Information shown:
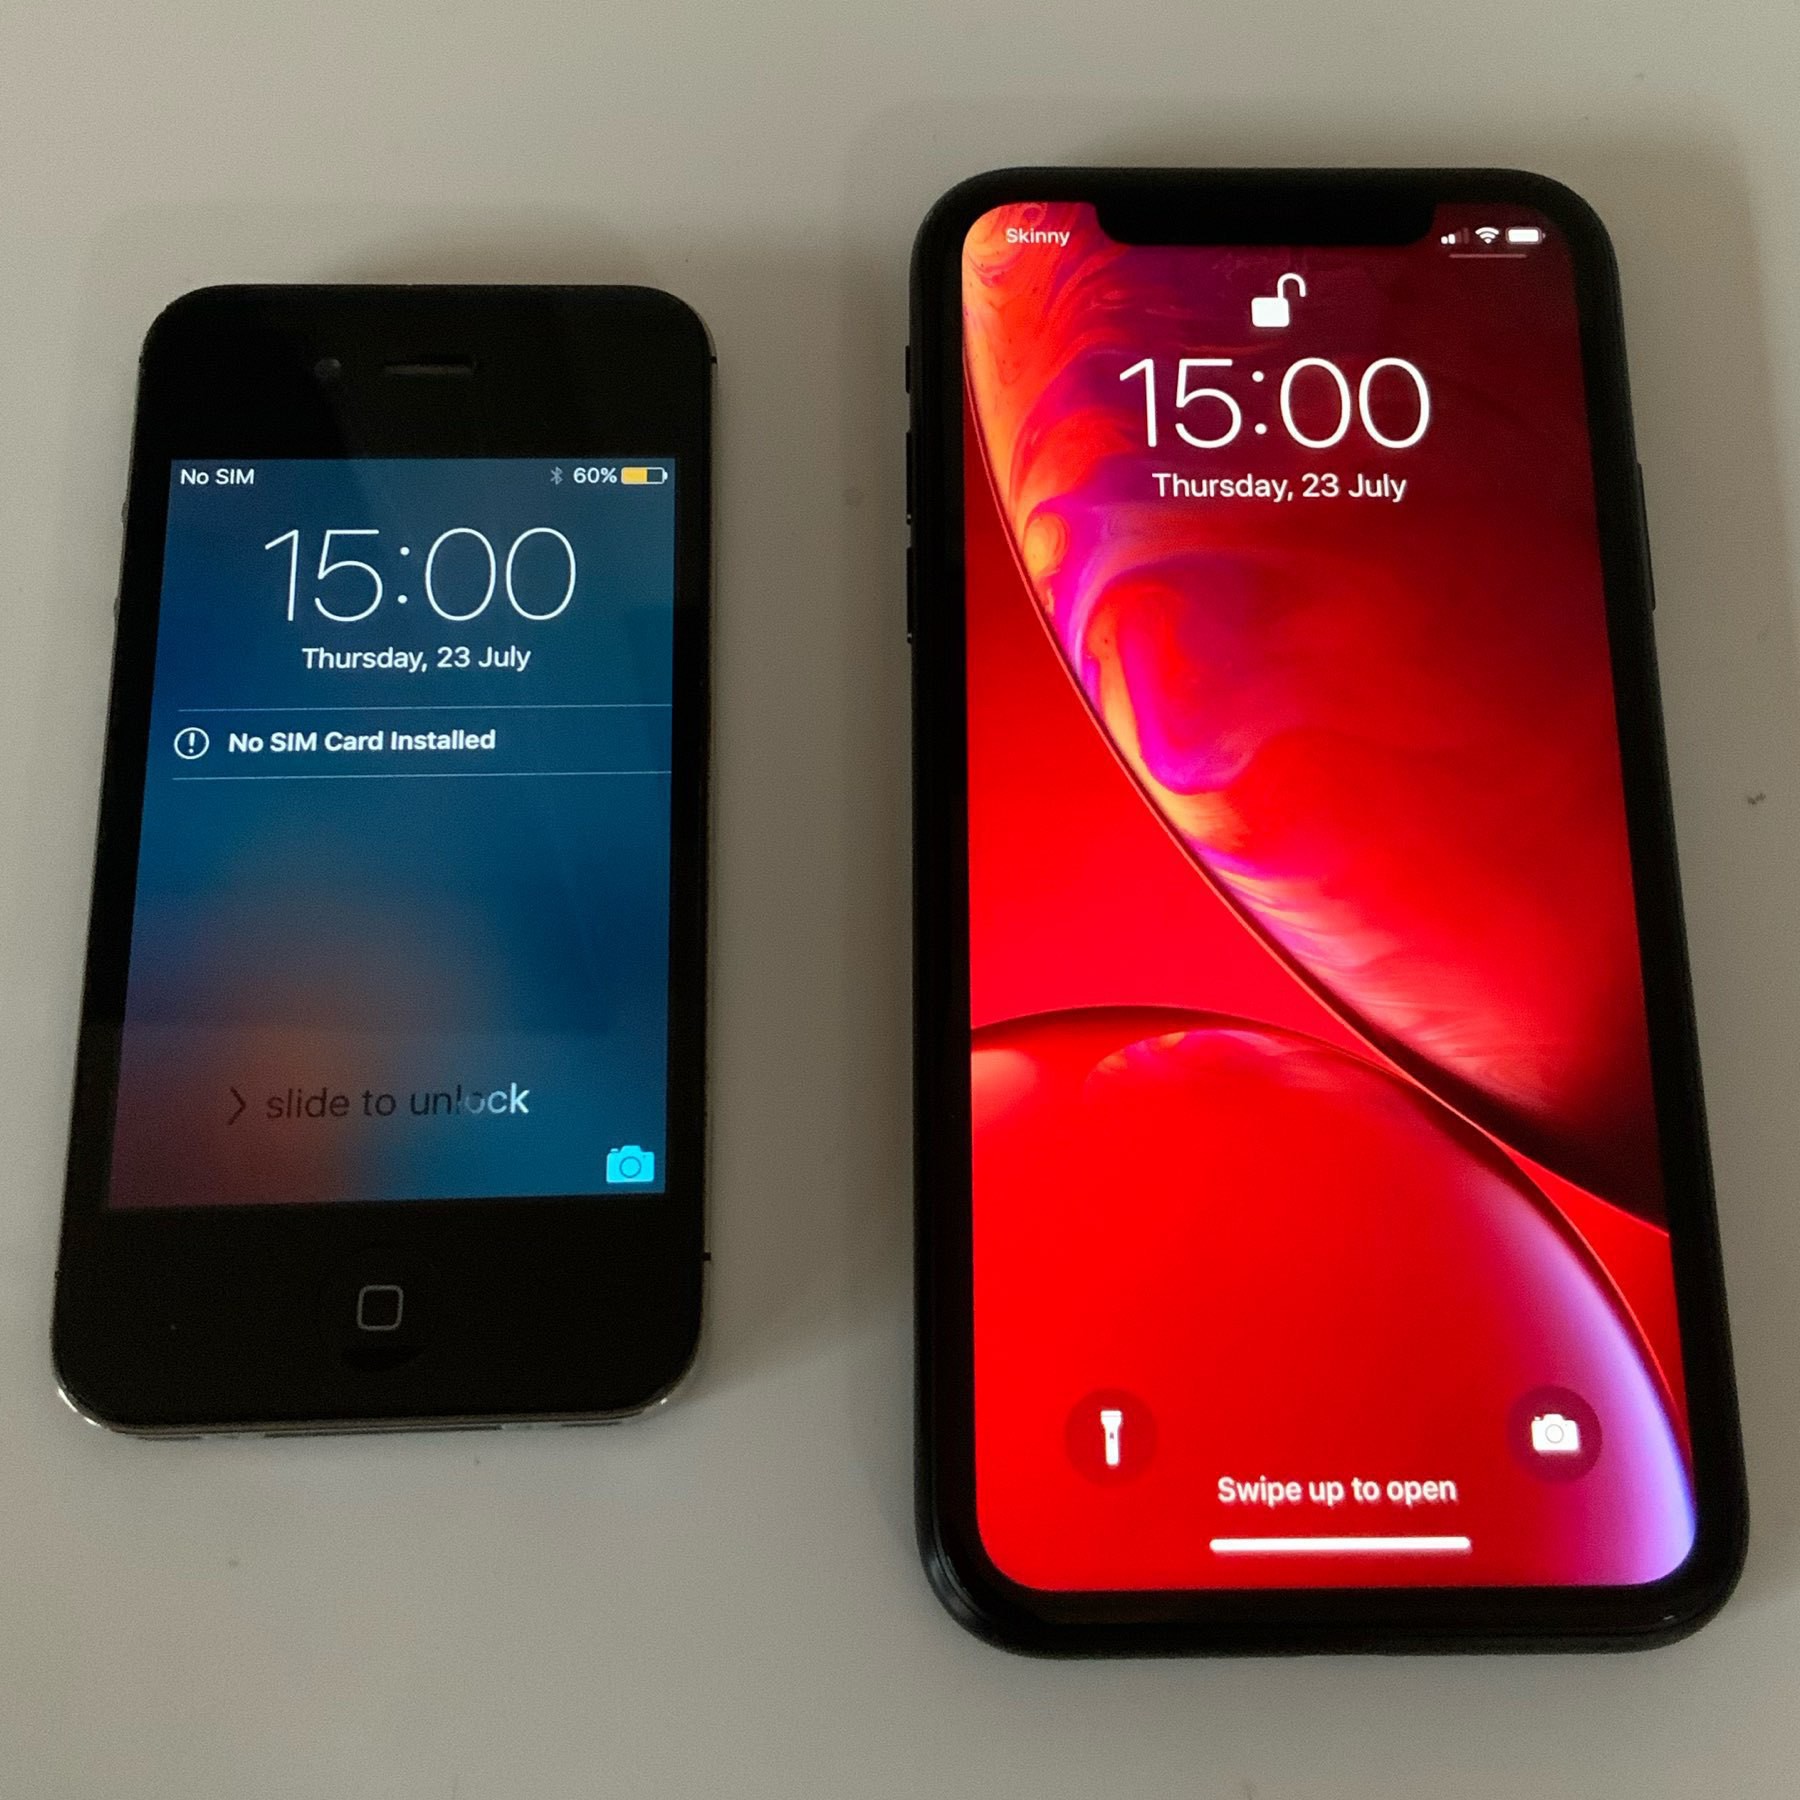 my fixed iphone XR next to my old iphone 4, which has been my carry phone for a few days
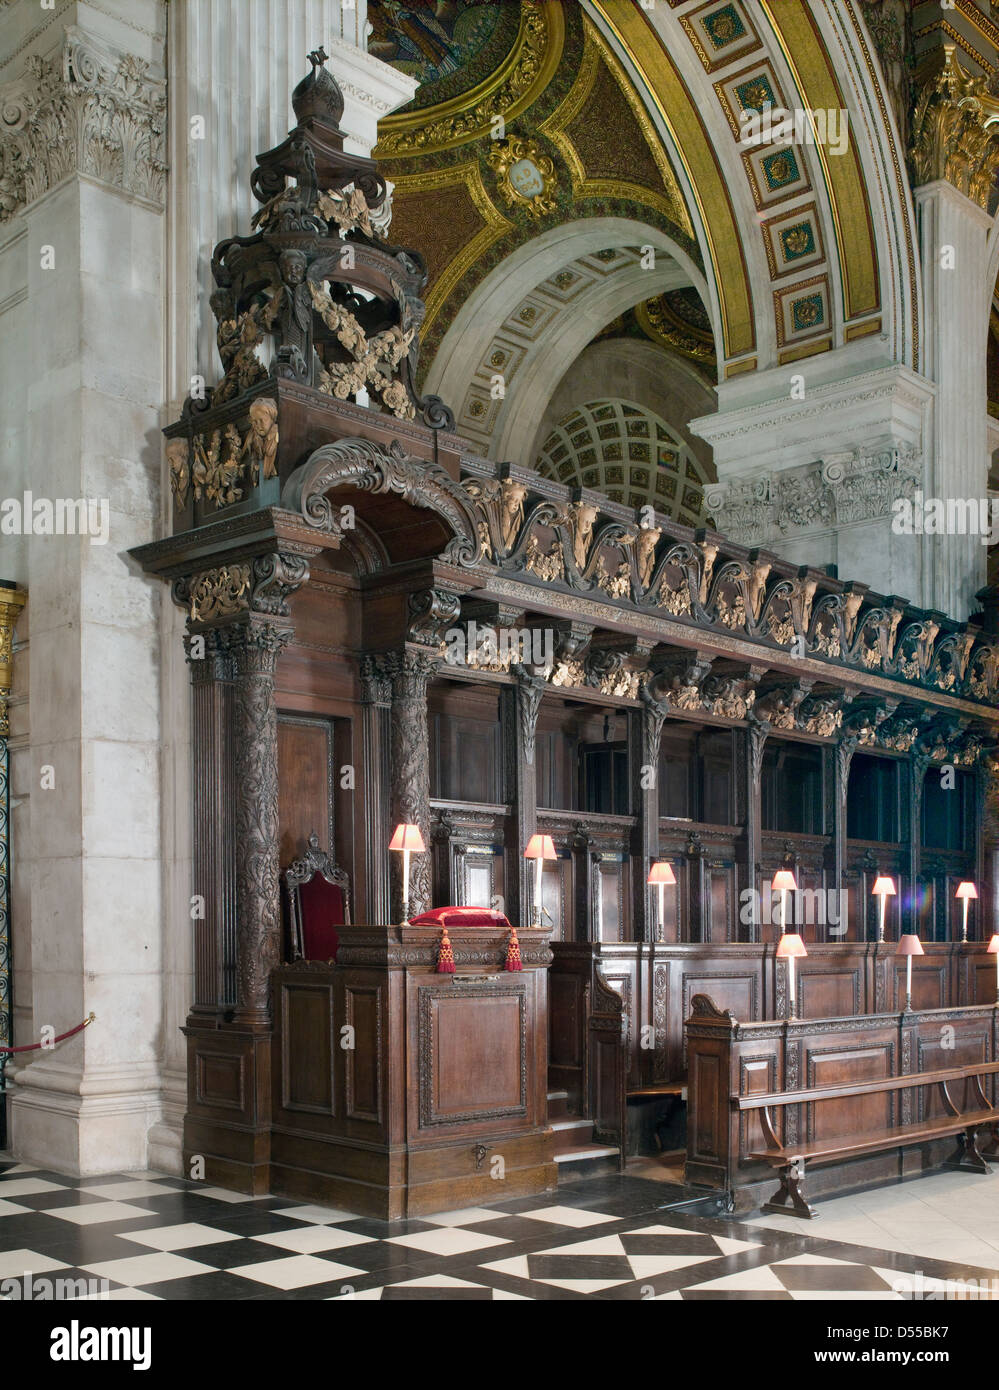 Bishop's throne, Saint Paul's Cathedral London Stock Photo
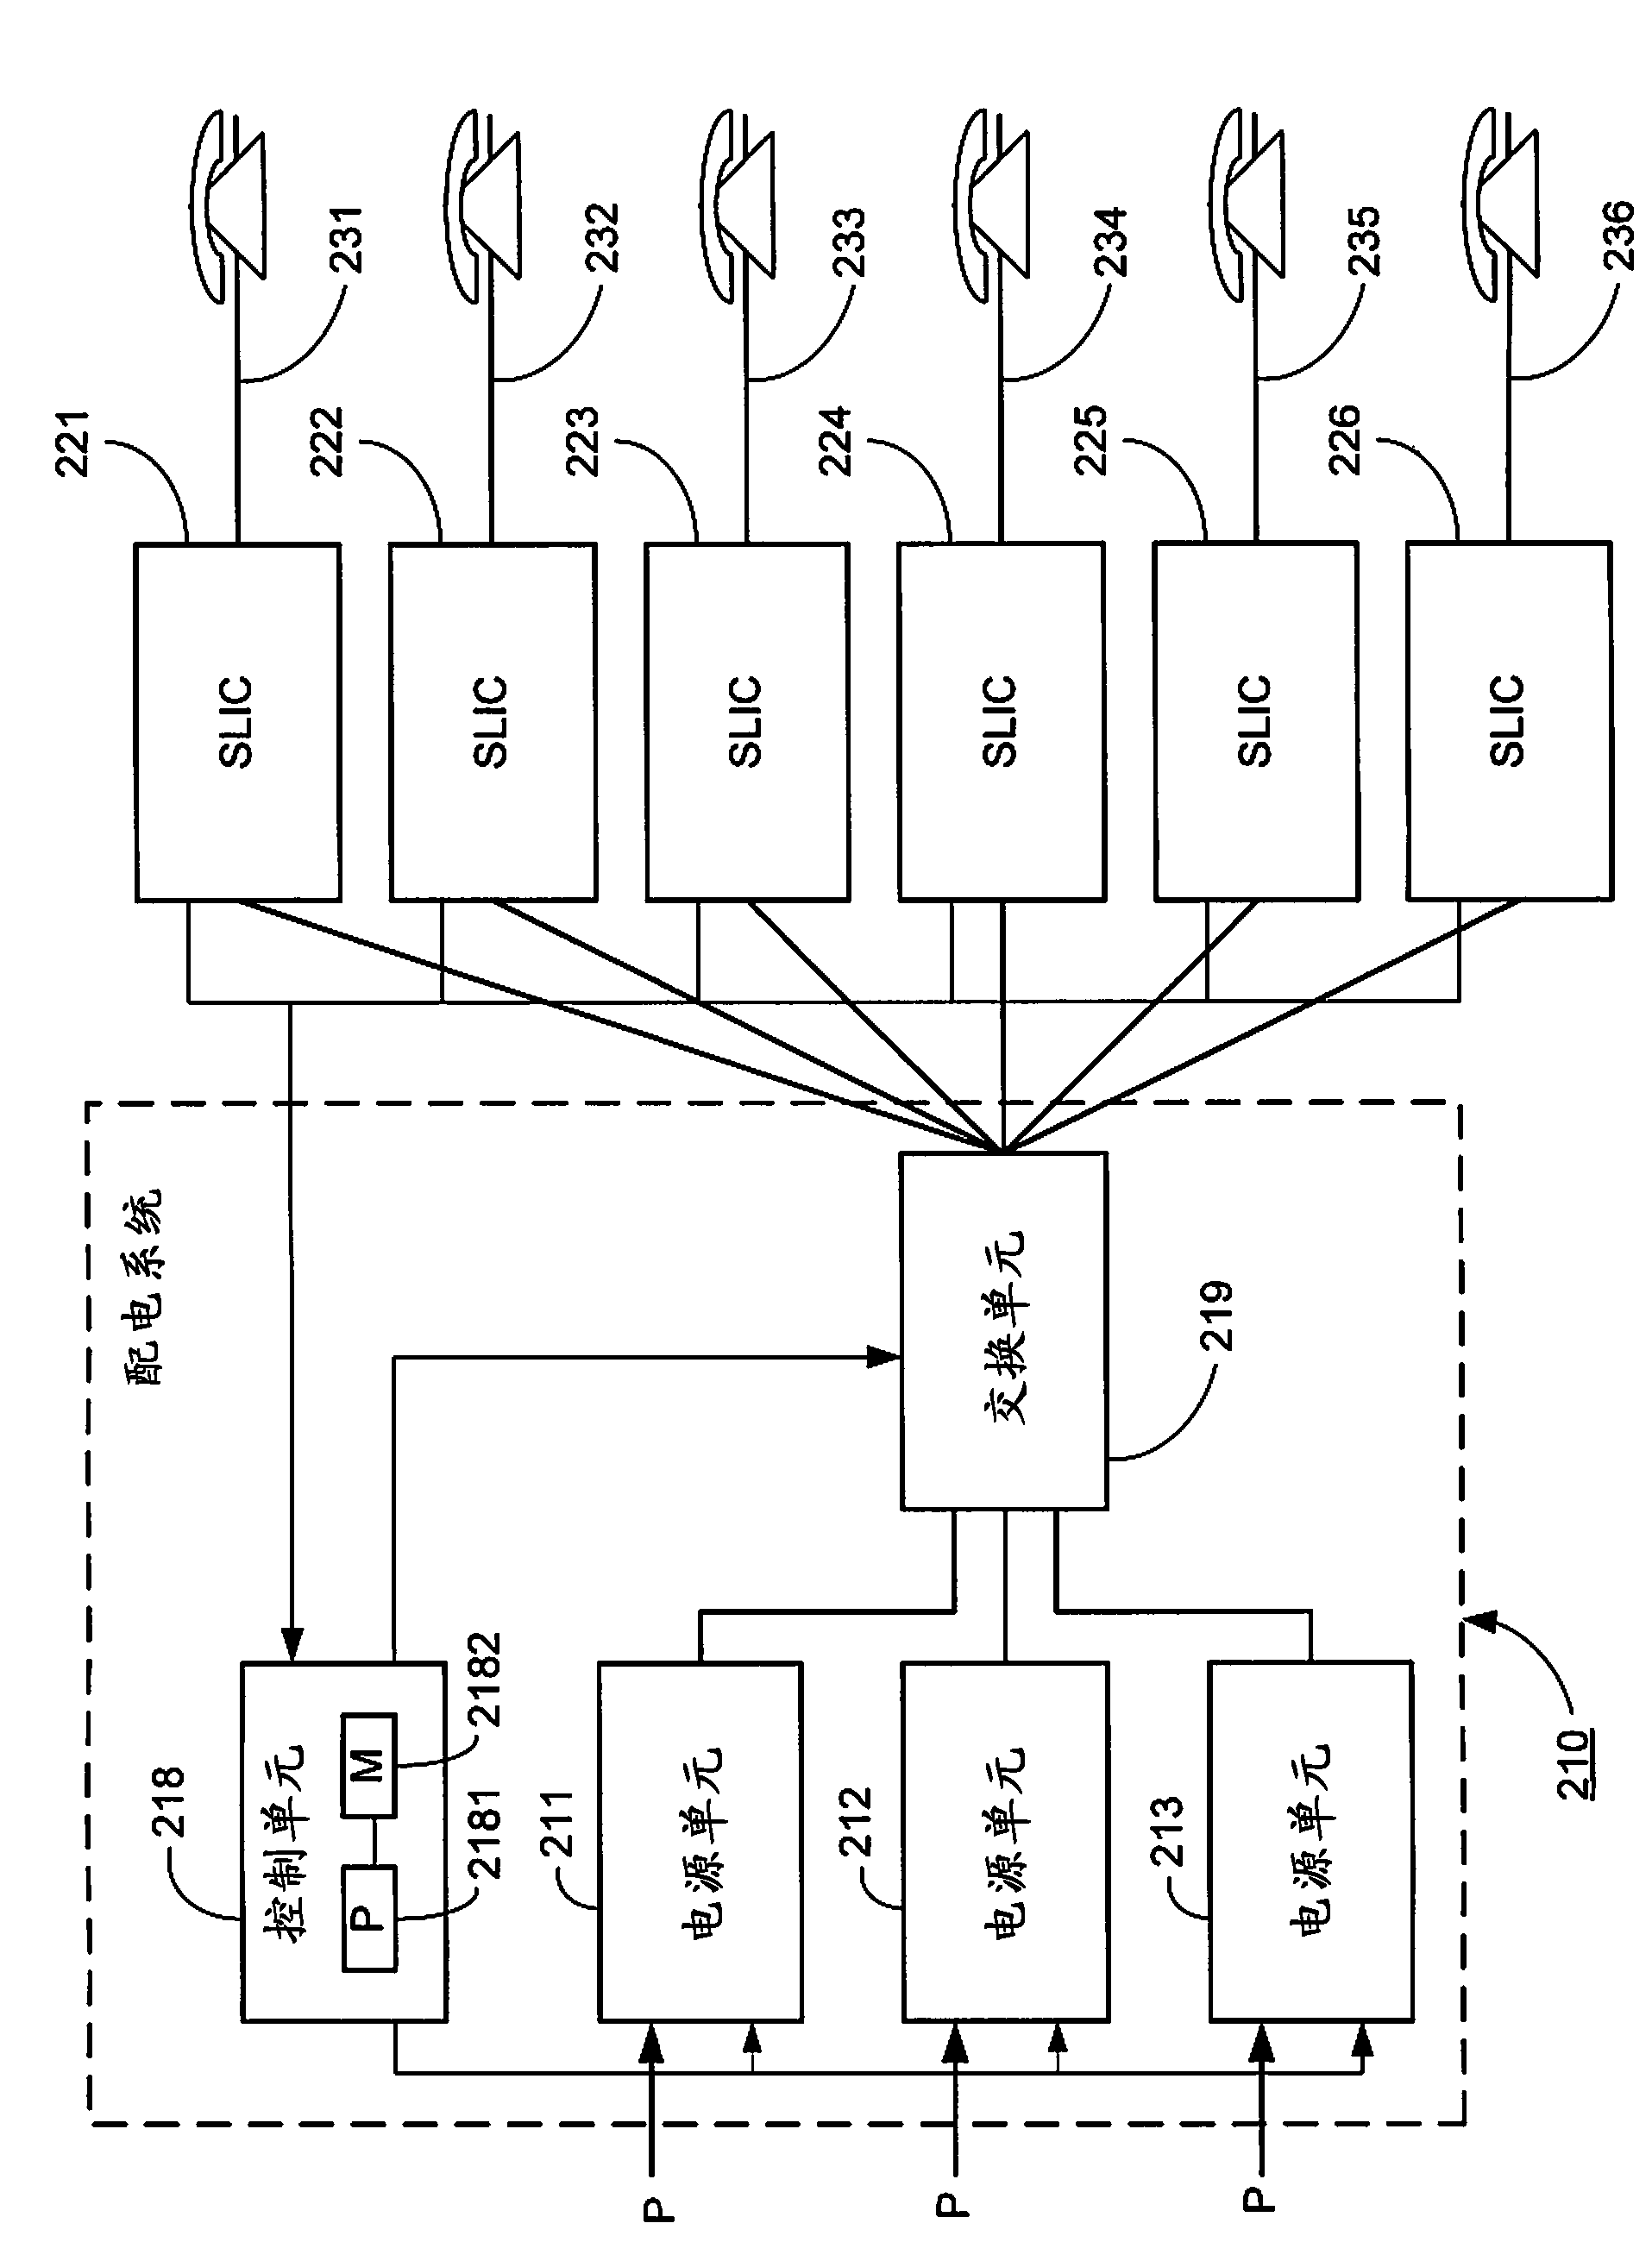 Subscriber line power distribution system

What is expected:
Print the data word for word and omit the pictures.

Task result:
 my fixed iphone XR next to my old iphone 4, which has been my carry phone for a few days
 Bishop's throne, Saint Paul's Cathedral London Stock Photo
 Subscriber line power distribution system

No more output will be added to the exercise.